You neglected to take the result of mysql_query(). What is the result? If it's a MySQL statement handle resource, then the database thinks it did the insert. If not, then something went wrong and there should be a value in mysql_error().
Well, either way with or without the result it still refuses to push a mysql_error. Any help with that? Maybe someone can play with this and get something effective out of it (I.E. atleast an error so I can atleast debug.)

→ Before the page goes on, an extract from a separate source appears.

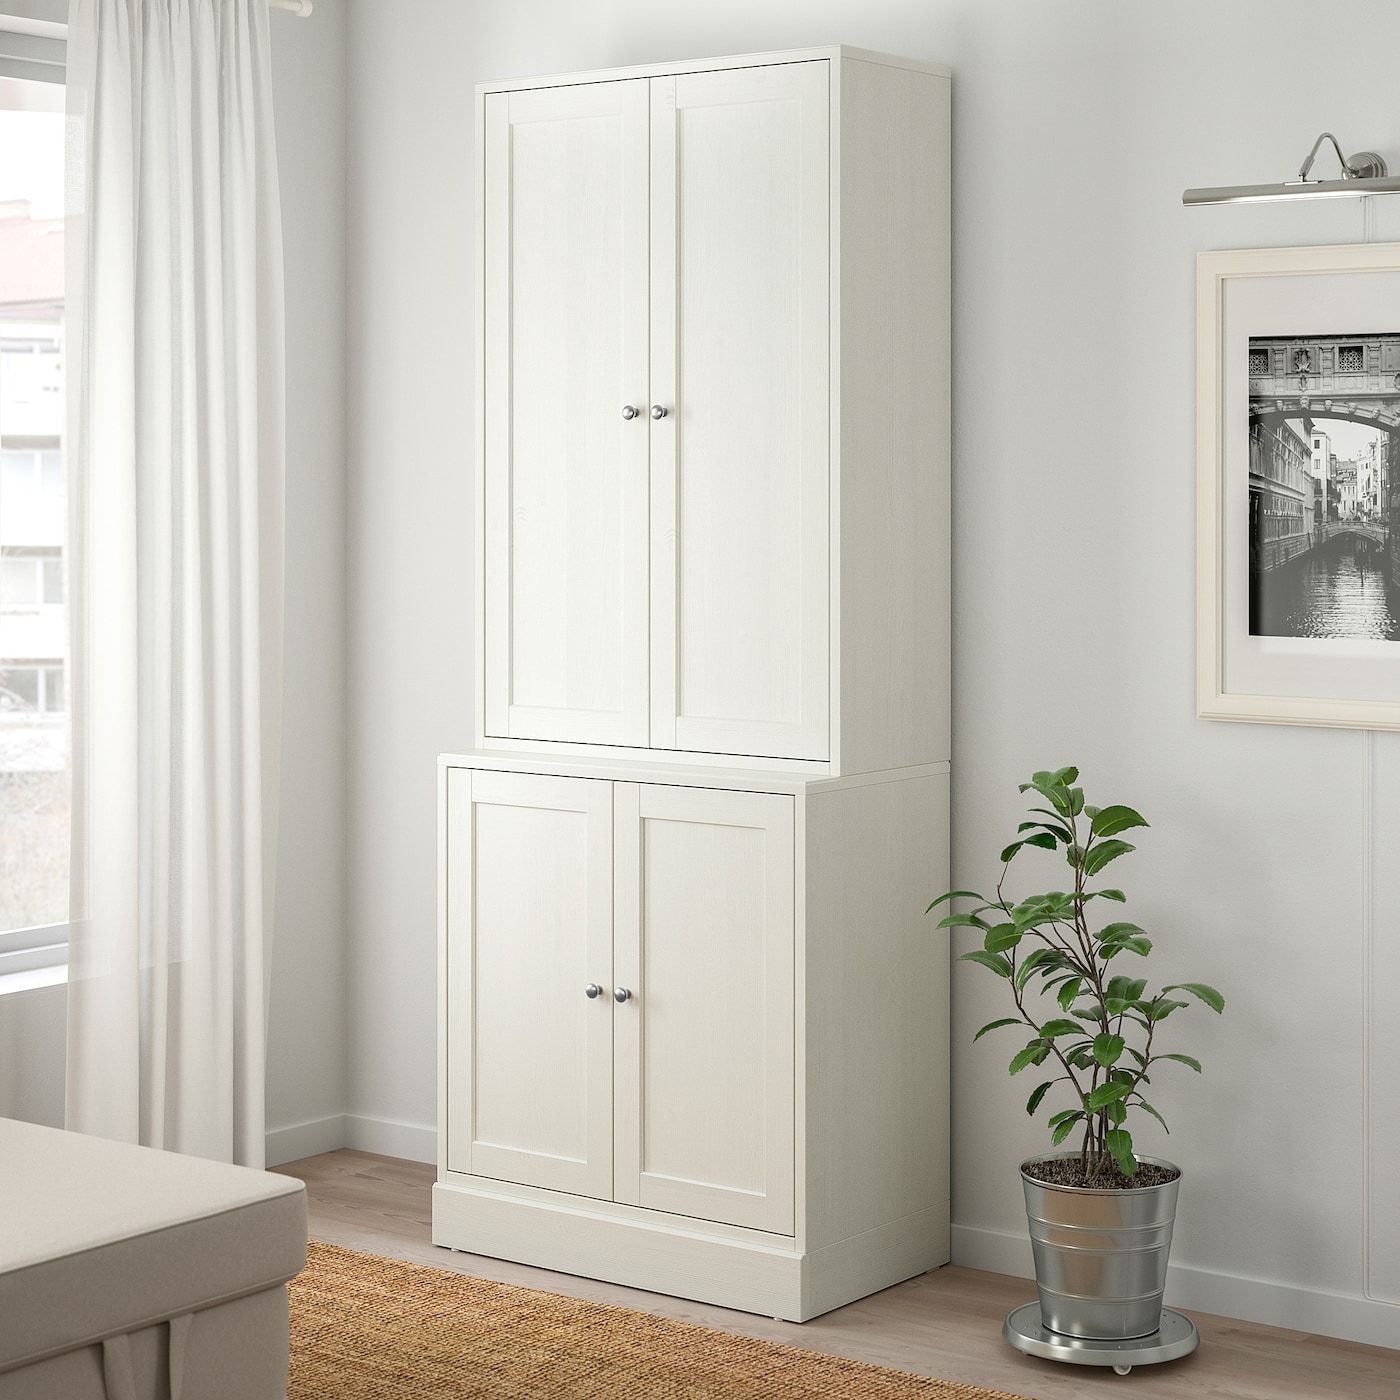 Havsta Storage Combination With Doors, White, 317/8x181/2x831/2" – Ikea Intended For 2 Separable Wardrobes (View 15 of 15)

MySQL queries also require a connection string. You only told it the SQL statement you also have to tell it what database, username and passwords to use (A connection string). (In the line below my connection string is $conn) Also notice the "or die" followed by error catching is helpful for preventing sql injection attacks and for catching errors. You should write your query something more like: $result = mysql_query($q, $conn) or die ('Query failed: '.mysql_error());
The connection string is optional; if you don't supply one then it will use the most recently opened connection. The only time you ever really need to use it is if you are connecting to different database servers at the same time or using different MySQL usernames at the same time. Agree about the "or die" though.
I guess I forgot to mention while feeling list a newbie - I'm not really a newbie. I've been programming with PHP for years - I can't for the life of me debug this though. I always do a lot of mysql work (I have a global function page that has my mysql library.) so I'm very familiar, just can't debug this. Thus, coming to DP for help. I'll give the or die() option a try. Thanks, Protege Sales Inc.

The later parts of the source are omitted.